Jack Stoll (born January 28, 1998) is an American football tight end for the Philadelphia Eagles of the National Football League (NFL). Stoll played college football at Nebraska and was signed by the Eagles as an undrafted free agent following the 2021 NFL Draft.

Early life and education
Jack Stoll was born on January 28, 1998, in Lone Tree, Colorado. He went to high school at Regis Jesuit High School, earning all-state honors his senior year. He caught 32 catches for 434 yards with 6 touchdowns, while also being named Blue-Grey All-American. Stoll was ranked 9th in the nation among tight ends by ESPN.com. He received scholarship offers from Air Force, Colorado, Colorado State, New Mexico, Texas and Wyoming but instead chose Nebraska.

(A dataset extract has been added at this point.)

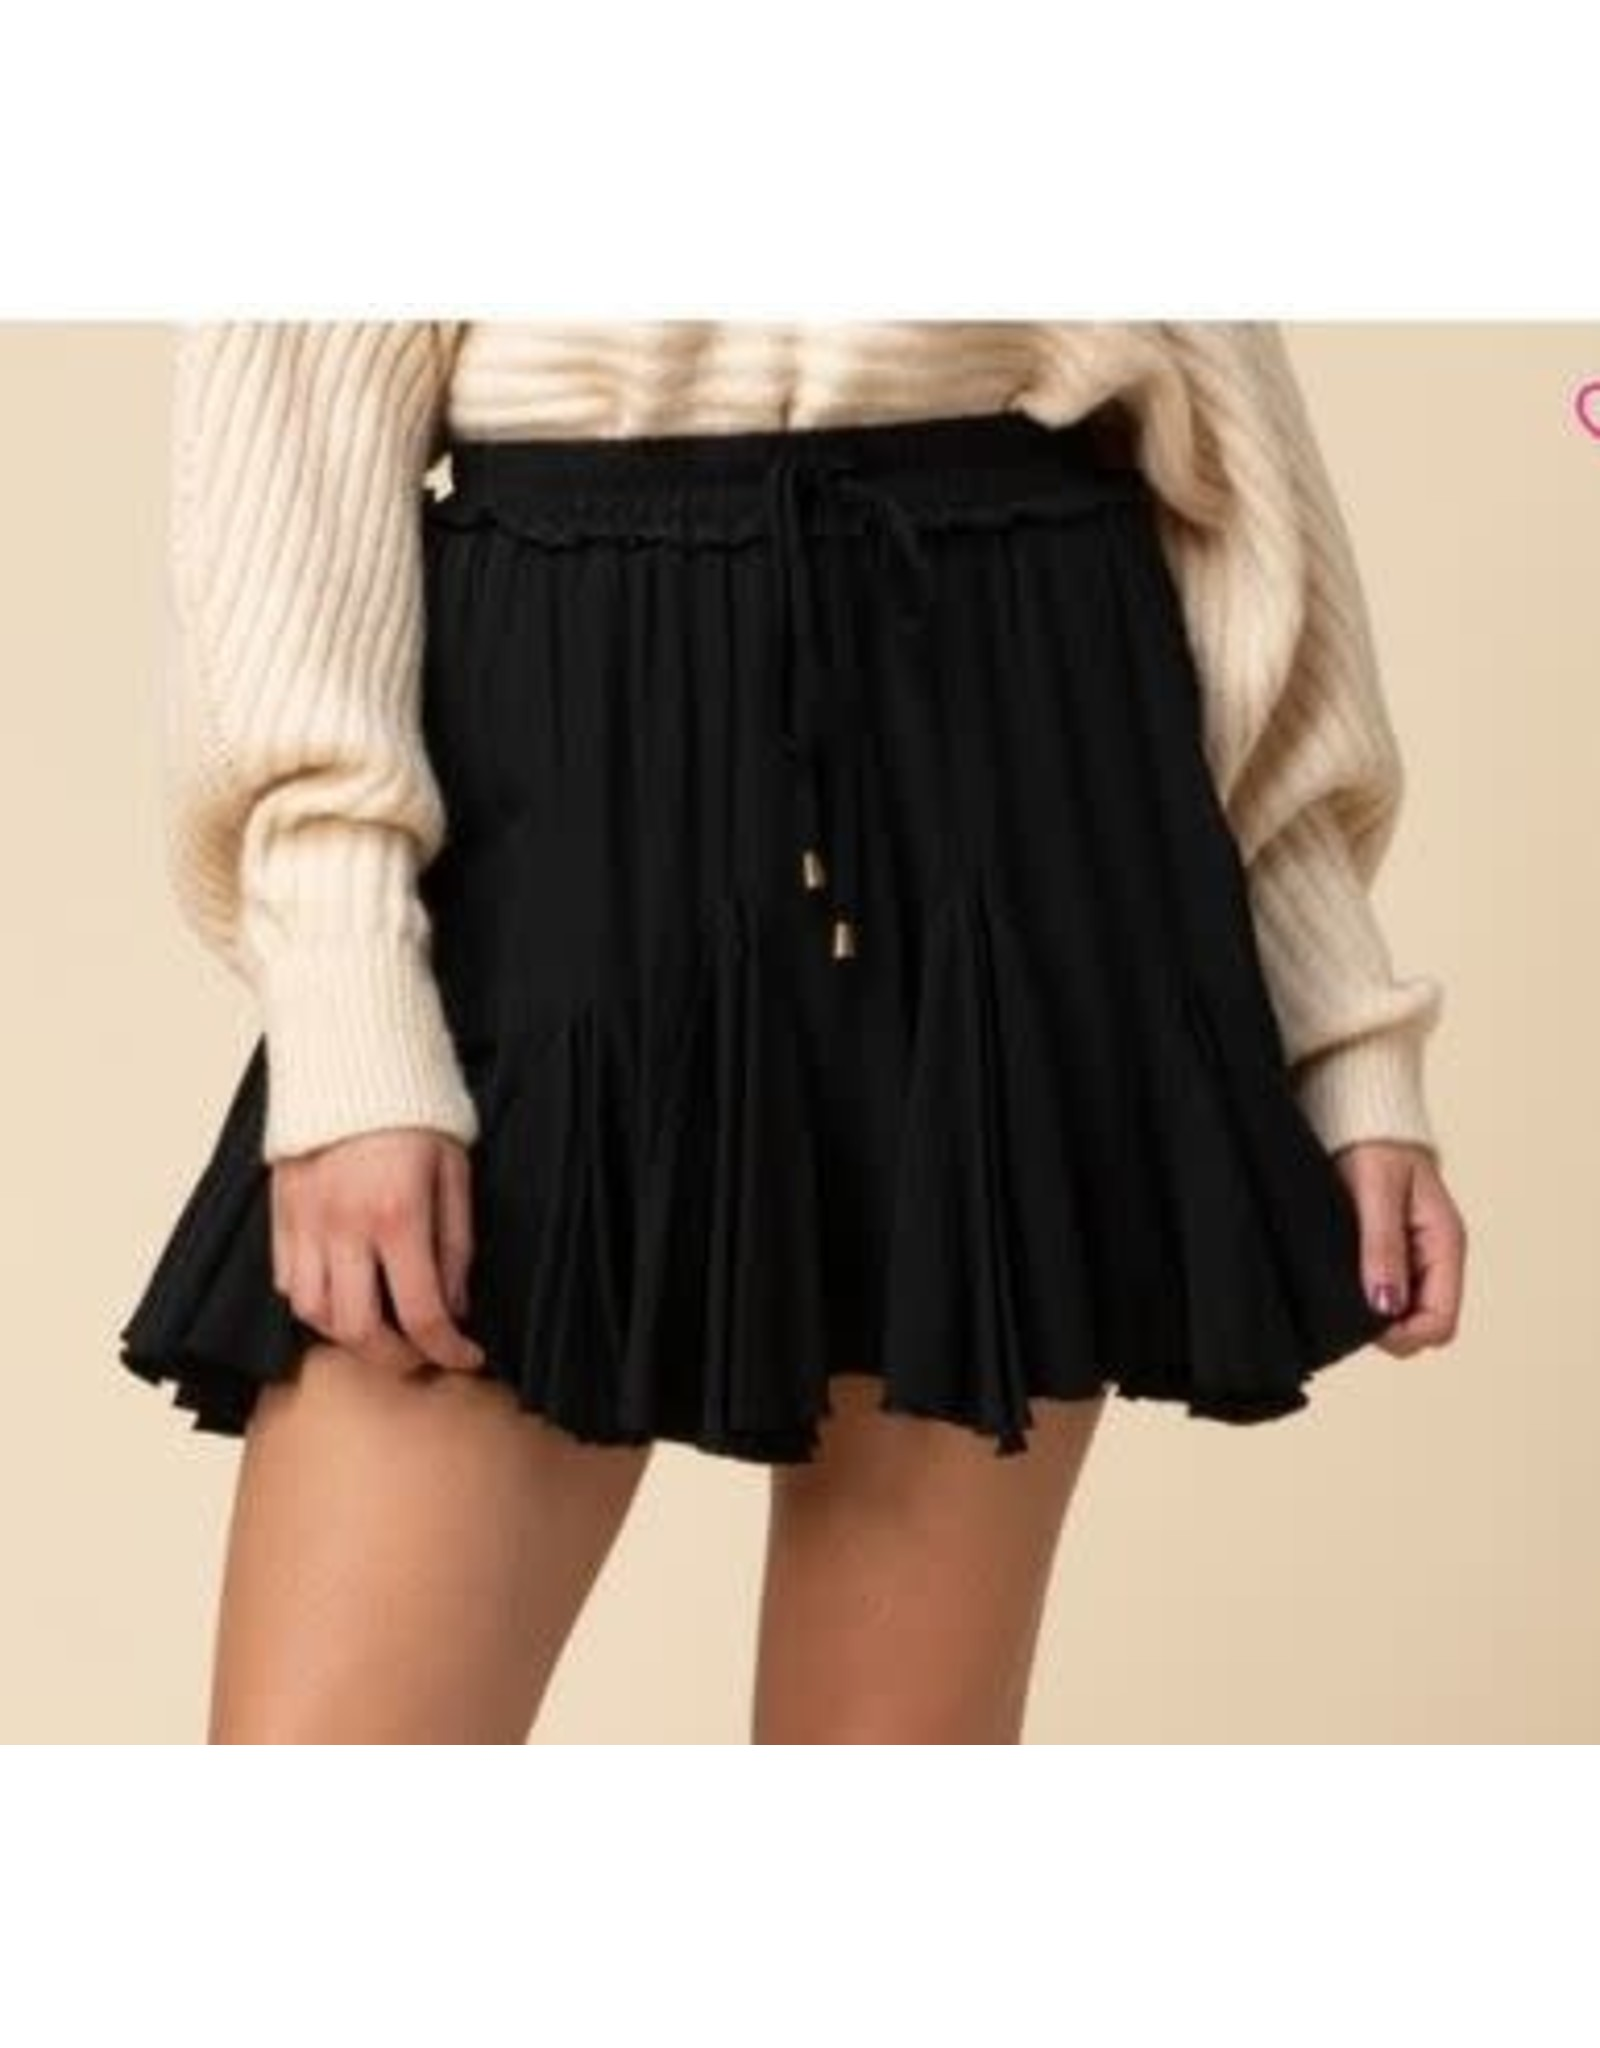 Entro Black Ruffle Skirt

Stoll redshirted his first year at Nebraska. In his second year, he played in 12 games as a freshmen redshirt, catching 8 passes for 89 yards and scoring two touchdowns. He started in all 12 games his sophomore year, and led all Cornhusker tight ends with 21 receptions for 245 yards and three touchdowns. He would start every game in his junior year as well, with 25 catches for 234 yards. Stoll battled injuries in his senior year, only playing in 7 games, starting one. He chose to forgo remaining eligibility and instead declared for the 2021 NFL Draft.

Professional career

Stoll went unselected in the draft and was subsequently signed by the Philadelphia Eagles. He was reportedly given the largest contract of the Eagles' undrafted free agents. Stoll was kept at roster cuts, becoming the only 2021 undrafted free agent to make the Eagles' roster. He made his debut in week one, appearing on 12 offensive snaps during the 32–6 win over the Atlanta Falcons. He was placed on the COVID list on January 3, 2022. He was activated one week later on January 10, missing just one game where the Eagles did not play their starters as they had already clinched a playoff spot.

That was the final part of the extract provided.